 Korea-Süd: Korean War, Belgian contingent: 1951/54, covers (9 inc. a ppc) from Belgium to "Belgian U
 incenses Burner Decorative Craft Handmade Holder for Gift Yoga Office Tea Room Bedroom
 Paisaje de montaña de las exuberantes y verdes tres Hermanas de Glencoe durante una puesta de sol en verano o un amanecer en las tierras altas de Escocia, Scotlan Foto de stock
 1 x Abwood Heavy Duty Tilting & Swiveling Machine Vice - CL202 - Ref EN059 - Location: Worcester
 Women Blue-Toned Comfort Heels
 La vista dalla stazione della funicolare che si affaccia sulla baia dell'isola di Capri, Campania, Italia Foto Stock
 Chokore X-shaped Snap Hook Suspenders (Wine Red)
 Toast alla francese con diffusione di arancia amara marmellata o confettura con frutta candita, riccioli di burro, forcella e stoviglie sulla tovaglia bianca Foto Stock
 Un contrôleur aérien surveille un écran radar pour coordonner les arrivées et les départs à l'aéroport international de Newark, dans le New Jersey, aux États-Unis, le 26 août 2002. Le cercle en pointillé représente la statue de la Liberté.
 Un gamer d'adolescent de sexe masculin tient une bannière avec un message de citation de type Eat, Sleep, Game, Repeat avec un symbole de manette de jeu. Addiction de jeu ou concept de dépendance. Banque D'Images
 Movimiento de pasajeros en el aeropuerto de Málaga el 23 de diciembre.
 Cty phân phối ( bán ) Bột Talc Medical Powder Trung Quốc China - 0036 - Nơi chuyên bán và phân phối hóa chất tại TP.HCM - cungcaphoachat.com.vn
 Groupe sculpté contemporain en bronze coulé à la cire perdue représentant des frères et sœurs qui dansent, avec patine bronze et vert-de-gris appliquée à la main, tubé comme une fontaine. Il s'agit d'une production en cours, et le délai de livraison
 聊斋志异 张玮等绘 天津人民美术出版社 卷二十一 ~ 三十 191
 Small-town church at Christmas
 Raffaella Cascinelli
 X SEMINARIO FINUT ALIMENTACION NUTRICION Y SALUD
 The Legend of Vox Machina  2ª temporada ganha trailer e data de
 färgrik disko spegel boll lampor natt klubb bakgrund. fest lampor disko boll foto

===============

▶ [Work required]: From the records above, quote only the lines running from the line with "Toast alla francese" to the line with "Small-town church at Christmas", both lines included.

▶ [Completed task]:
 Toast alla francese con diffusione di arancia amara marmellata o confettura con frutta candita, riccioli di burro, forcella e stoviglie sulla tovaglia bianca Foto Stock
 Un contrôleur aérien surveille un écran radar pour coordonner les arrivées et les départs à l'aéroport international de Newark, dans le New Jersey, aux États-Unis, le 26 août 2002. Le cercle en pointillé représente la statue de la Liberté.
 Un gamer d'adolescent de sexe masculin tient une bannière avec un message de citation de type Eat, Sleep, Game, Repeat avec un symbole de manette de jeu. Addiction de jeu ou concept de dépendance. Banque D'Images
 Movimiento de pasajeros en el aeropuerto de Málaga el 23 de diciembre.
 Cty phân phối ( bán ) Bột Talc Medical Powder Trung Quốc China - 0036 - Nơi chuyên bán và phân phối hóa chất tại TP.HCM - cungcaphoachat.com.vn
 Groupe sculpté contemporain en bronze coulé à la cire perdue représentant des frères et sœurs qui dansent, avec patine bronze et vert-de-gris appliquée à la main, tubé comme une fontaine. Il s'agit d'une production en cours, et le délai de livraison
 聊斋志异 张玮等绘 天津人民美术出版社 卷二十一 ~ 三十 191
 Small-town church at Christmas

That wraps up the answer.